Alright, here we go and I will do it with an example app.
Let's say you are creating a census application for Canada. Your partition key is going to be the province or territory name, of which there are 13 total iirc. You load the initial data in and all is fine. You open it up for users to come in. Everything is going ok, but hit the evening when everyone is home and just got a card saying they should go to your site. Well, where are the population centers in Canada? Ontario and Quebec have the most and they just so happen to be in the same table partition. Oops. Yes, adaptive capacity will try and save you, but in short order there are now 10s of thousands of people (or more) trying to use your site. That partition is now hot as it hits the 3000 IOPS per partition quota with just one section of Toronto online. DynamoDB is already trying to move items to other partitions and creating more to save you from your blunder, but your users are already getting throttled. You chose poorly. Twitter/reddit/etc is now erupting with nasty comments I shall not quote here. Meanwhile the partition that has Prince Edward Island and Yukon in it is not doing much at all. If you had picked a different partition key or used write sharding with the province/territory name, items would be more evenly spread and this would not be a problem.

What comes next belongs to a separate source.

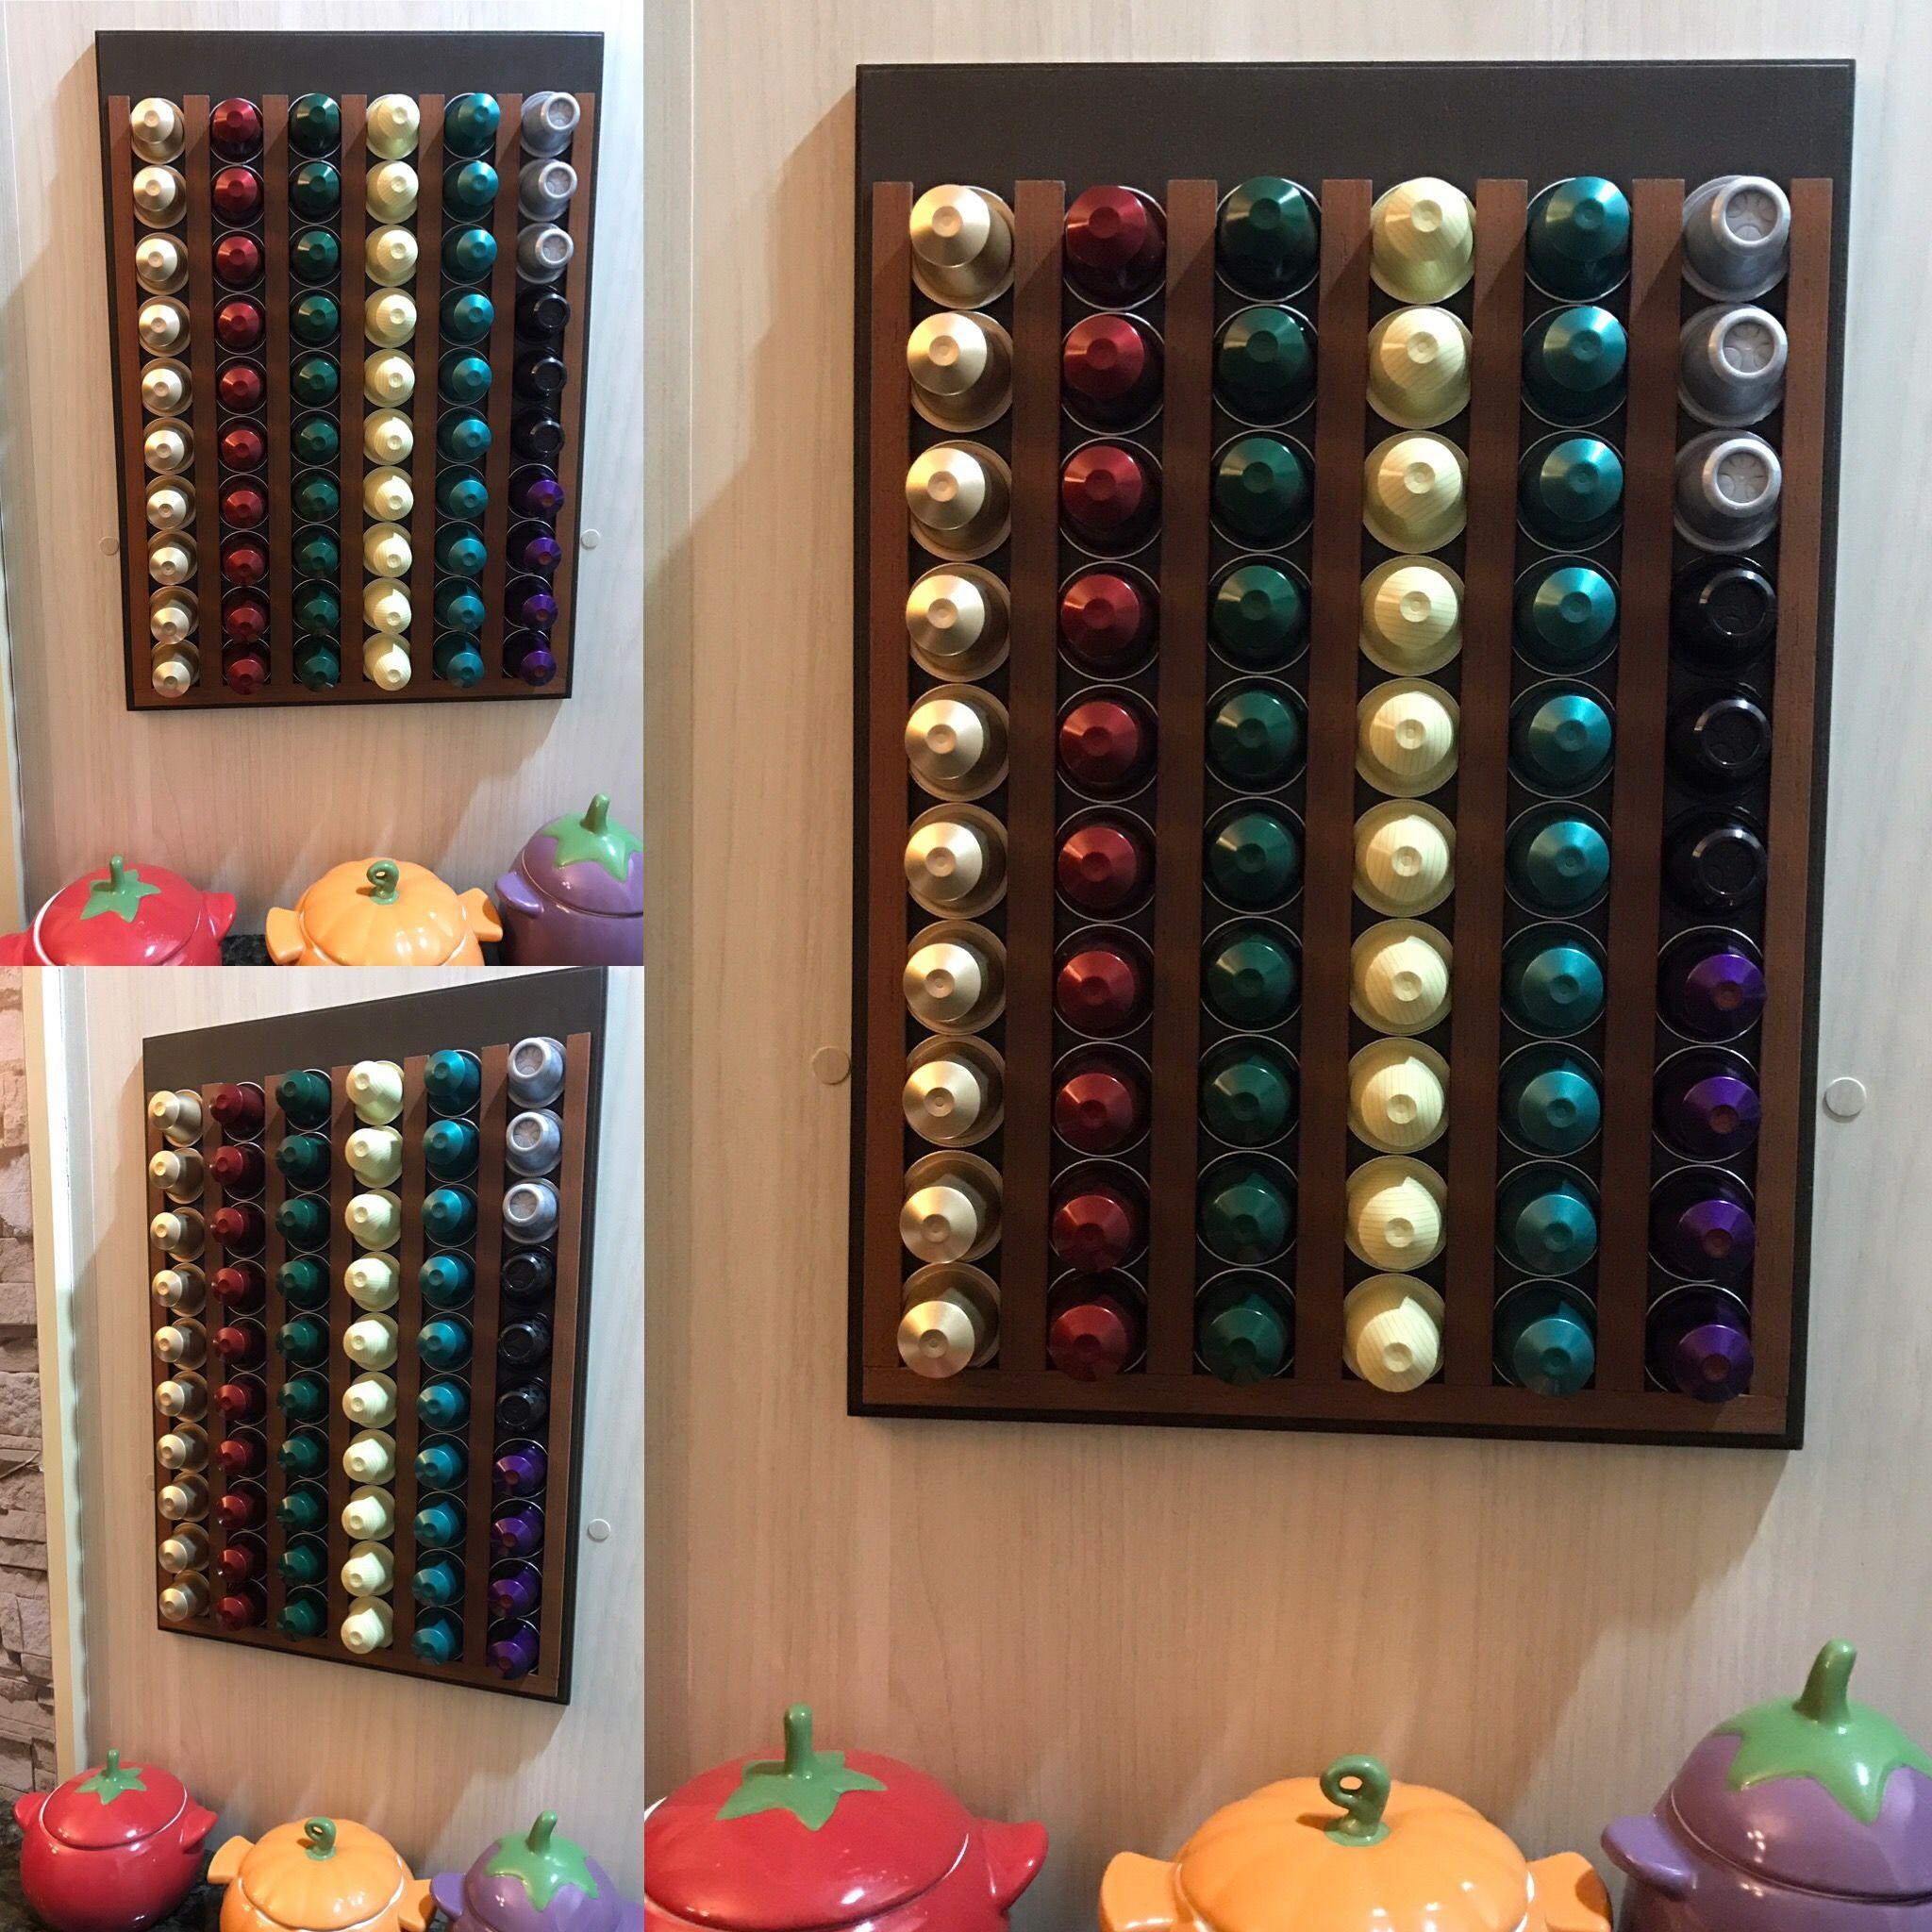 Porta Capsula De Cafe Nespresso Com Imagens Porta Capsulas
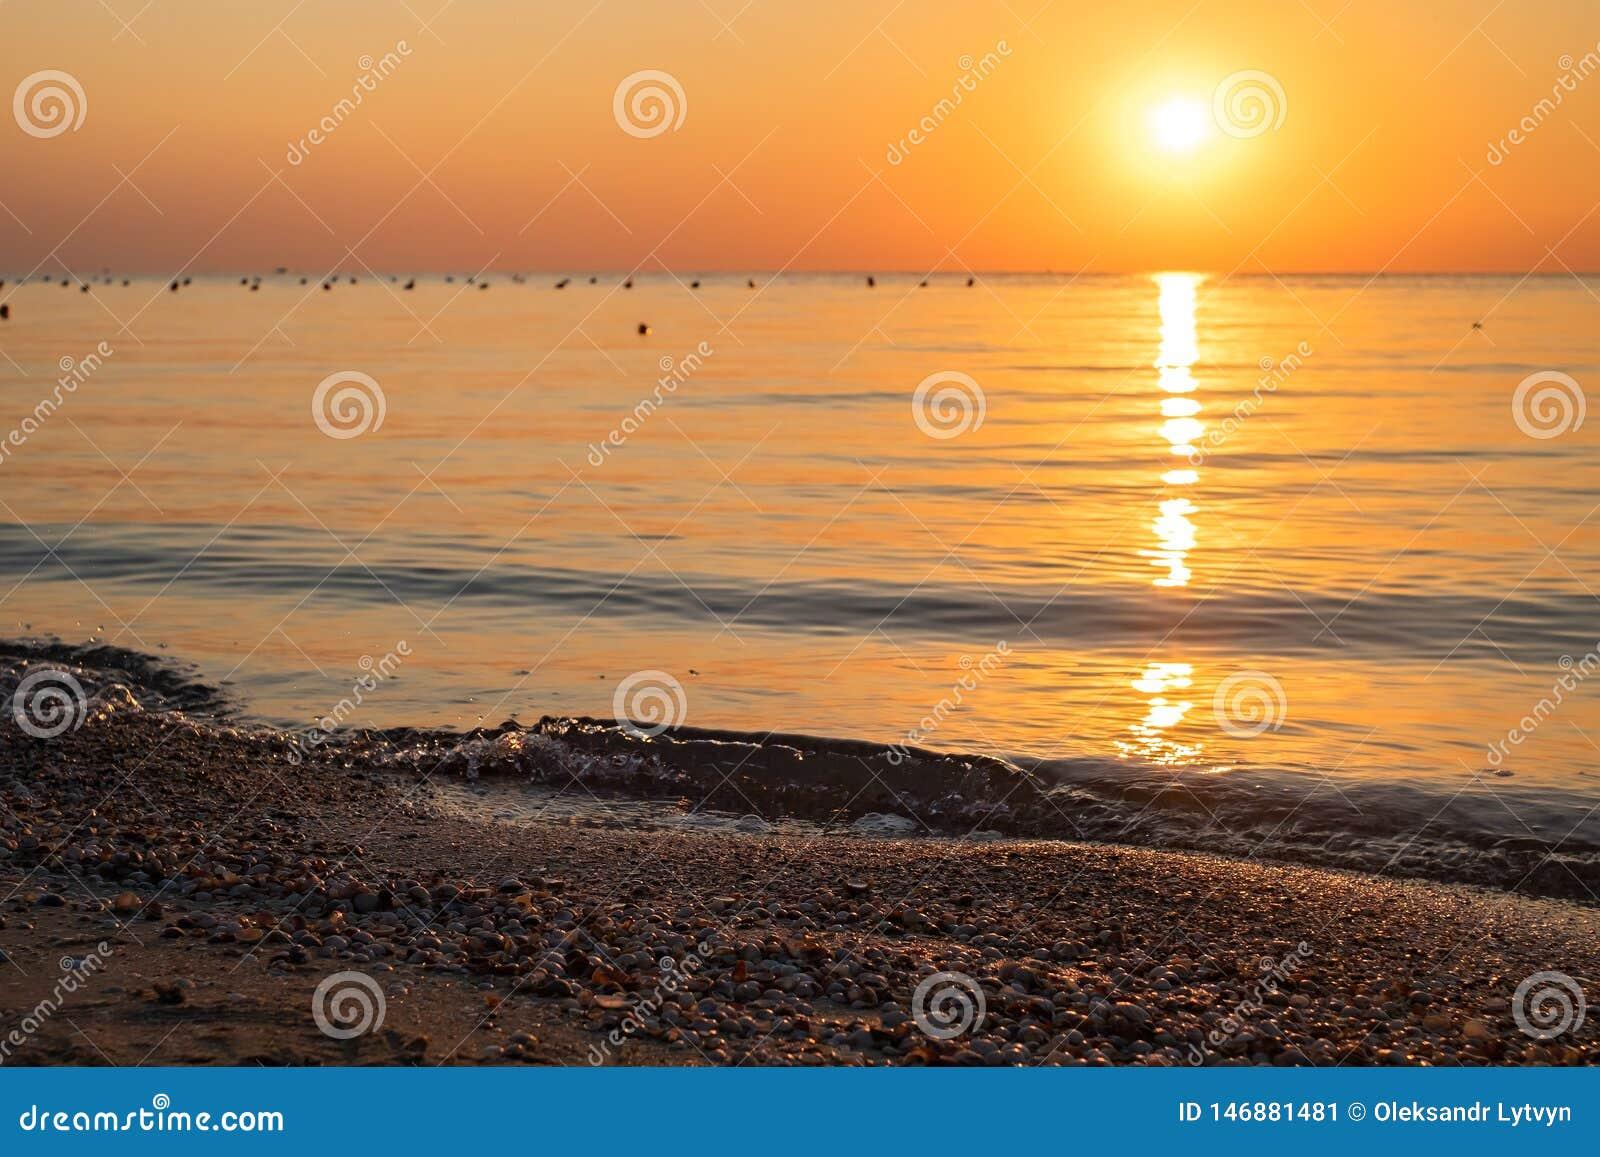 Θαλασσινά κοχύλια στην παραλία θάλασσας ενάντια στο σκηνικό μιας ζωηρόχρωμης αυγής έλεγχος εστίασης

That said, in another scenario, with a lightly used application and low cardinality PK, all might be well. As that app scales, that is when your blunder will become apparent. If it will never scale then it might be fine…by why hassle with that?
Hopefully you get the point. Also, this kind of thing is not unique to DynamoDB. I have worked with plenty of other databases that do partitioning where this could be a problem. At least DynamoDB is smart enough to try and save you from your blunder over time for you, but why set yourself up for problems?